Being conduits of this love becomes our passion and our mission.
Even in God’s call for Israel to be a separate people wholly dedicated to him, he sent reminders of his love for all people. These reminders emphasized the inclusion of people into the family of God not based on race, but on faith. Rahab, because of her faith, helped give Israel victory and won her family a place in the lineage of King David and Jesus. Ruth, who practiced the steadfast love God longed to see in his chosen people, was adopted into the same family line as Rahab. Jonah, despite his hate and prejudice against Israel’s most feared enemy, Nineveh, proclaimed the people’s need for repentance. When Nineveh repented, God spared this nation (despite Jonah’s frustration and petty anger) because of his love for all peoples.

Jesus saw going through the land of the hated Samaritans as a divine necessity (John 4:4). The Lord demonstrated to his disciples, contemporary and today, that the historical, religious, gender, and racial barriers must fall. Jesus broke down every barrier between people and the Father’s love. The community of formerly shunned Samaritans proclaimed their faith in response to this love:

We no longer believe just because of what you said; now we have heard for ourselves, and we know that this man really is the Savior of the world (John 4:48).

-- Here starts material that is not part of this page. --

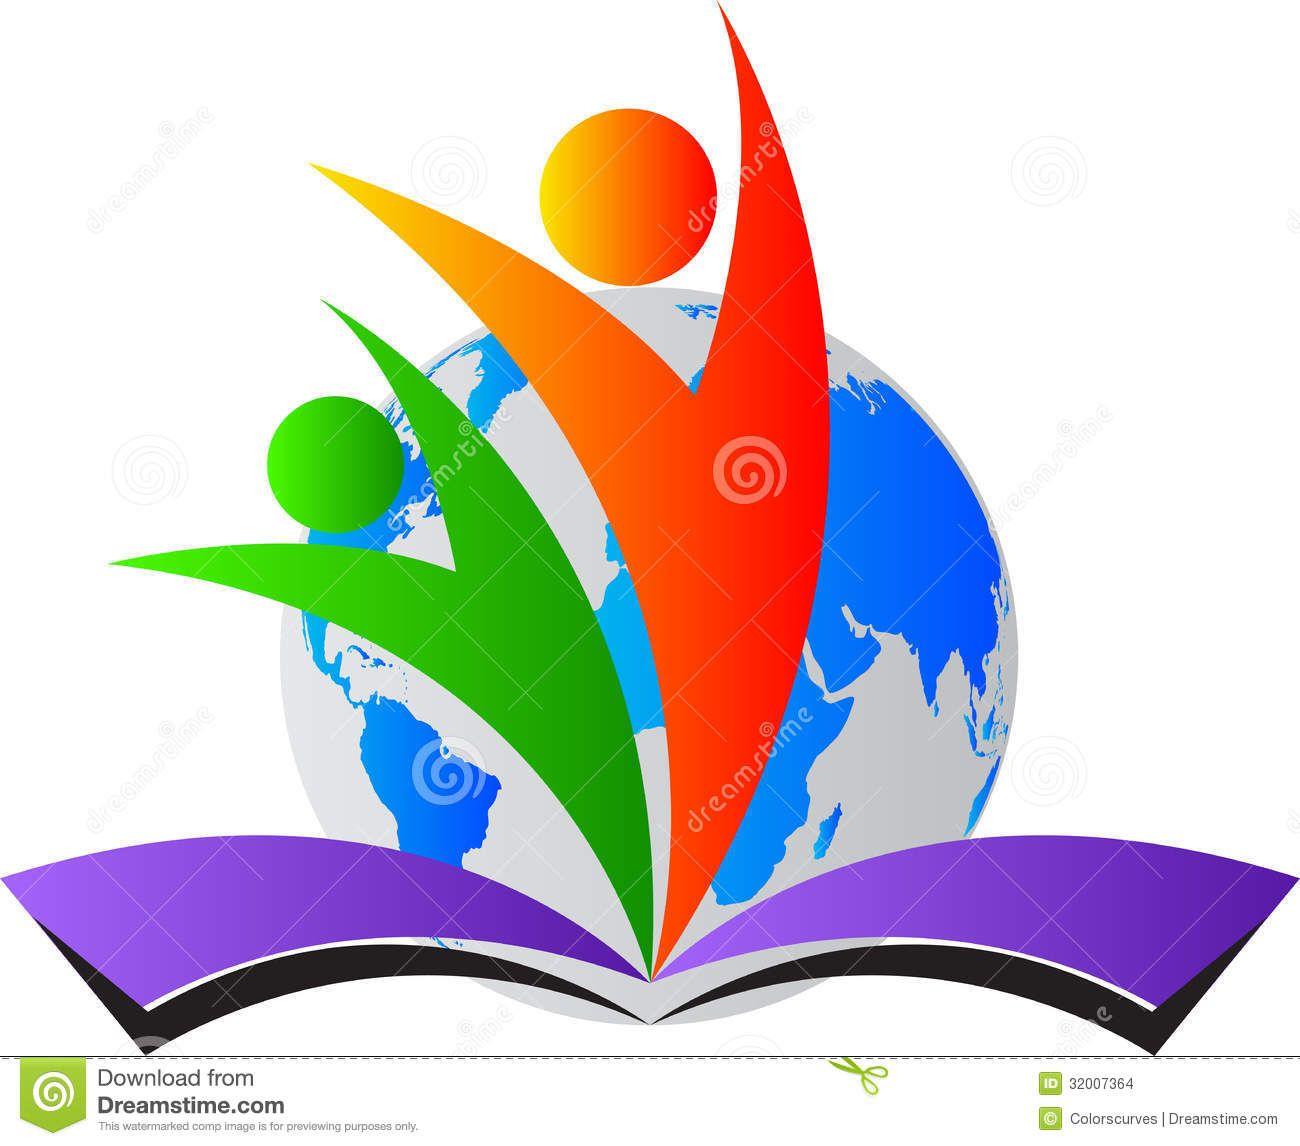 education logo - Google Search   logo inspiration   Pinterest ...

In case Jesus’ disciples missed this lesson, he taught and demonstrated the truth again when he made a Samaritan man and a Jewish woman both heroes in back-to-back episodes in Luke’s gospel (Luke 10:25-42). Paul proclaimed it repeatedly in his ministry. He taught that God had torn down the wall that separated people and brought them together into one new holy identity through grace, empowered by the Holy Spirit (Ephesians 2:1-22). They were one new family, each with the full rights to their Father’s inheritance no matter their status, ethnicity, or gender because of their faith expressed in baptism (Galatians 3:26-29).

God’s love was demonstrated at great risk and enormous cost (Romans 5:6-11). As disciples, we must realize that our Father in heaven is serious about us, his spiritual children, practicing this kind of love and letting that love drive out all our fleshly fear (1 John 4:16-21). The Almighty, the LORD of heavens and earth, the God that we worship, is the God of sacrificial love (1 John 4:8-12). This love must not be controlled by fear that manifests as prejudice, superiority, retaliation, or conquest.

Victory for God’s people must be seen in sharing our Father’s love regardless of the response of those with whom we share it or of our cost in sharing it. Being conduits of this love, both in word and deed (1 John 3:16-18), becomes our passion and our mission. Being children of such a God is not displayed by the size of their churches, the wealth of their members, or the worldly success of our leaders. There is one standard that shows that the Spirit of Jesus lives in the hearts of those who praise and proclaim him: they share the love they have received with others (John 13:34-35; 1 John 3:16-18).